Et plus loin : "Je suis seul avec l'autre, seul à lui et pour lui, seul pour toi et à toi : sans monde. Immédiateté de l'abîme qui m'engage envers l'autre partout où le "je dois" - "je dois te porter" - l'emporte à jamais sur le "je suis", sur le sum et sur le cogito. Avant d'être, je porte, avant d'être moi, je porte l'autre. Je te porte et le dois, je te le dois. Je reste devant, en dette et devant à toi devant toi, je dois me tenir à ta portée mais je dois aussi être ta portée. Toujours singulières et irremplaçables, ces lois ou ces injonctions restent intraduisibles de l'un à l'autre, des uns aux autres, et d'une langue à l'autre, mais elles n'en sont pas moins universelles. Je dois traduire, transférer, transporter (übertragen) l'intraduisible dans un autre tour là même où, traduit, il demeure intraduisible. Violent sacrifice du passage au-delà : Übertragen : Übersetzen." (pp76-77). Le rapport à l'autre précède l'ontologie. Si la conclusion est bien celle-là, alors on peut dire que Derrida choisit, sans le citer, le nom de Lévinas pour étayer son commentaire final de la phrase de Paul Celan.

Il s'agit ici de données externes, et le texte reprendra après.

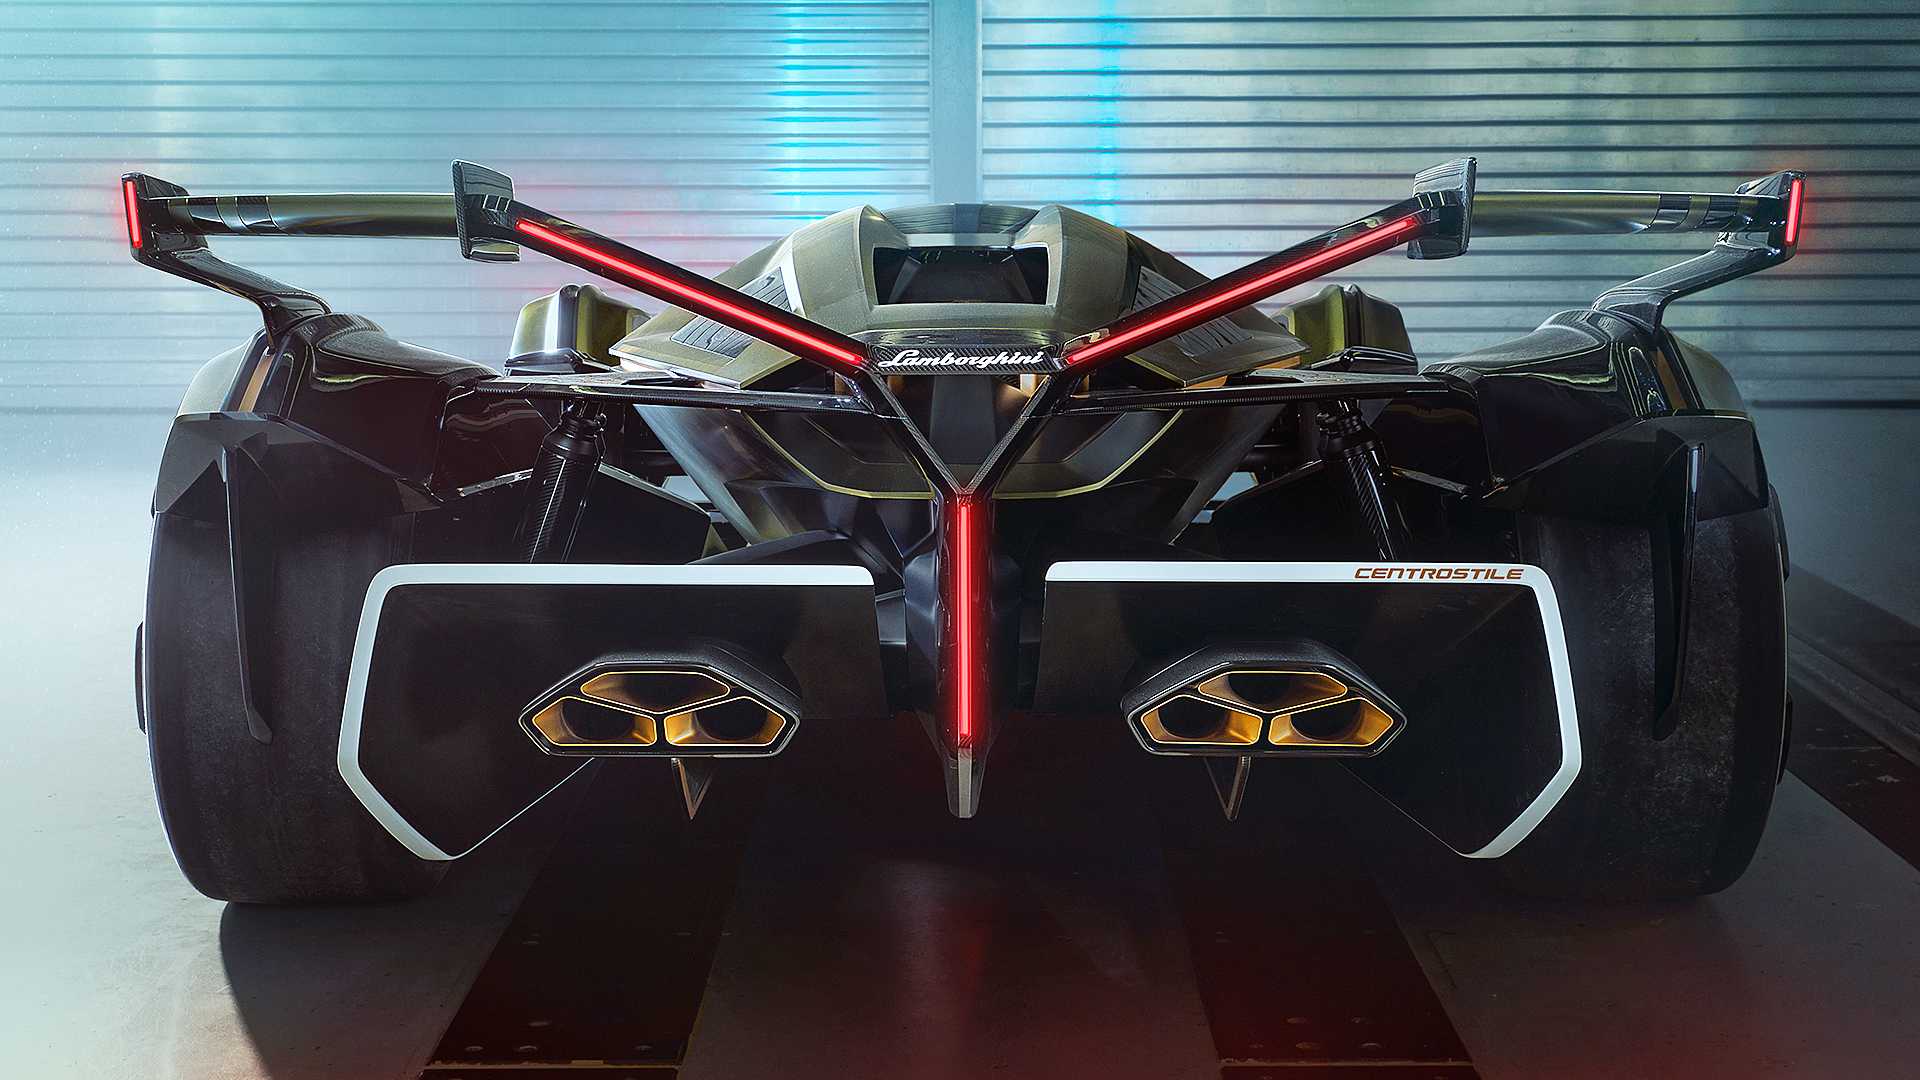 New Lamborghini Concept Resembles a More Futuristic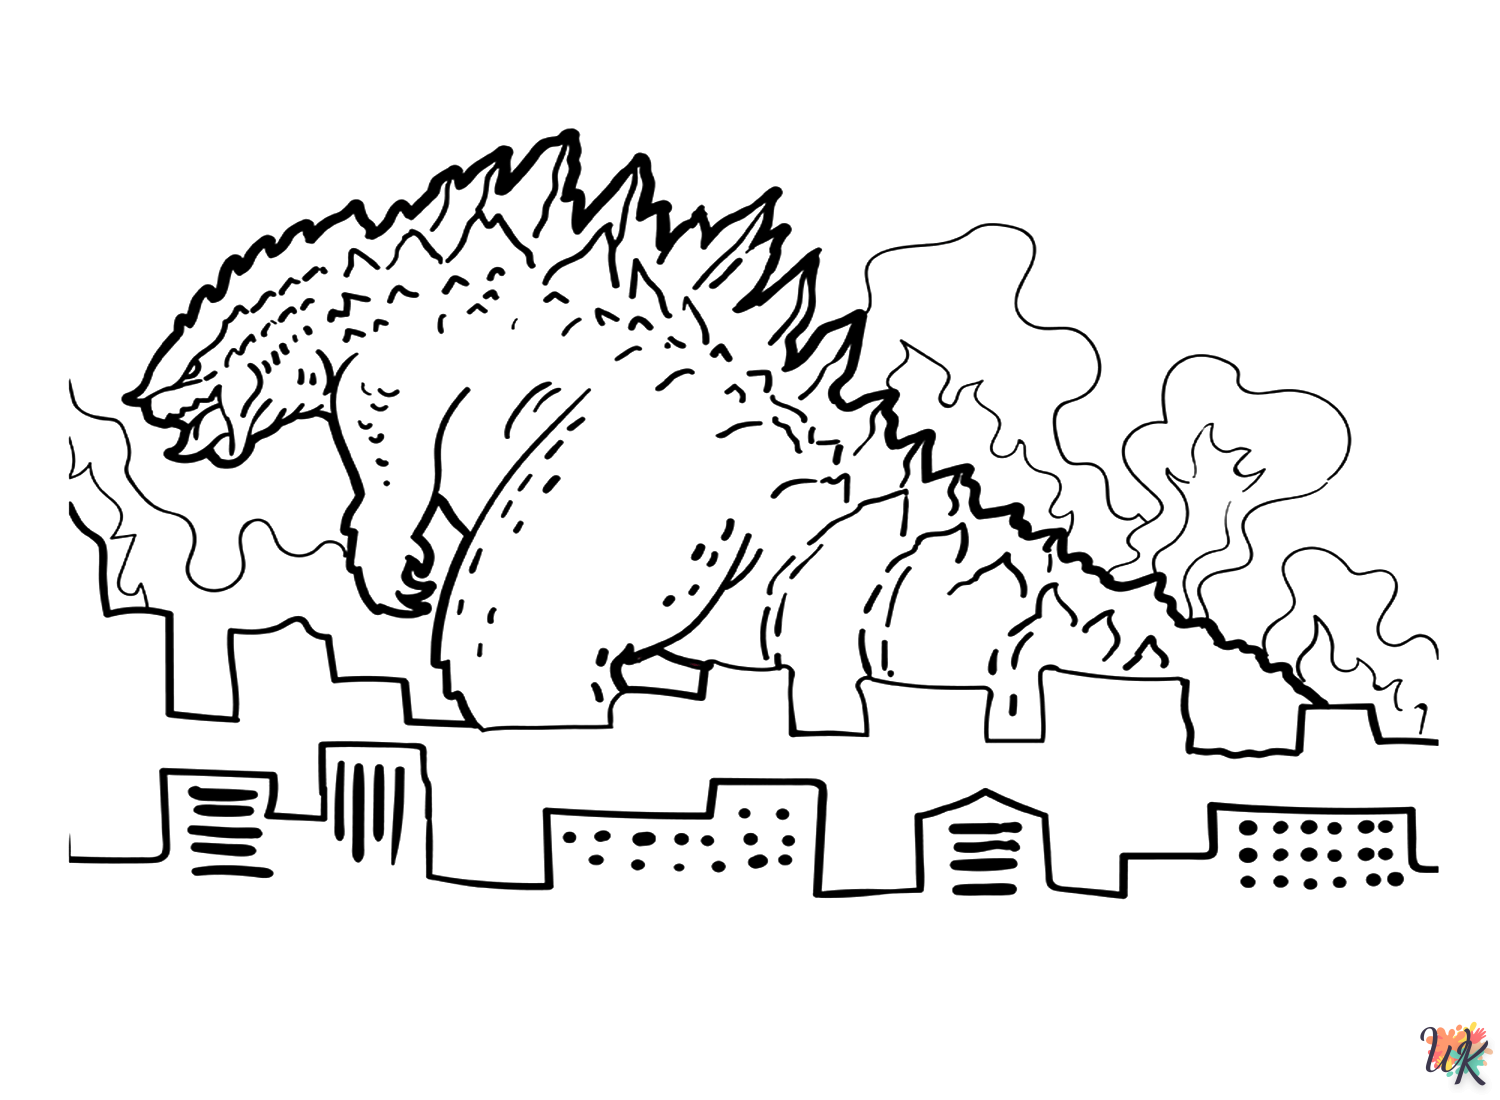 Godzilla kleurplaten26

Equal Tense (Ieva Balode, 2018).

 

 

Derrida utilise dans ce passage des termes inhabituels pour lui. Il parle d'injonction universelle, de lois, quelques pages après avoir reprise une expression issue de Lévinas, l'éthique même.

Dans son interprétation phénoménologique de la phrase de Paul Celan, Die Welt ist fort, ich muss dich tragen, Jacques Derrida propose une épokhè radicale, absolue. Si, dans cette expérience, le monde se retire "jusqu'à la possibilité de son anéantissement" [qui n'est pas son anéantissement total, impossible], alors que reste-t-il ? Peut-être pas l'ego pur husserlien. Ce qui reste n'est pas un je, un sujet, une substance, c'est le geste de se porter vers l'autre. Devant la possibilité de l'anéantissement, "Je dois alors le porter [le monde], te porter, là où le monde se dérobe, c'est ma responsabilité" (p76). La transcendance du monde n'est pas en moi, je ne peux pas me l'approprier, elle est dans la rencontre de l'autre infiniment inappropriable, "au-dedans même de moi, c'est-à-dire hors de moi". C'est, dit Derrida, l'éthique même.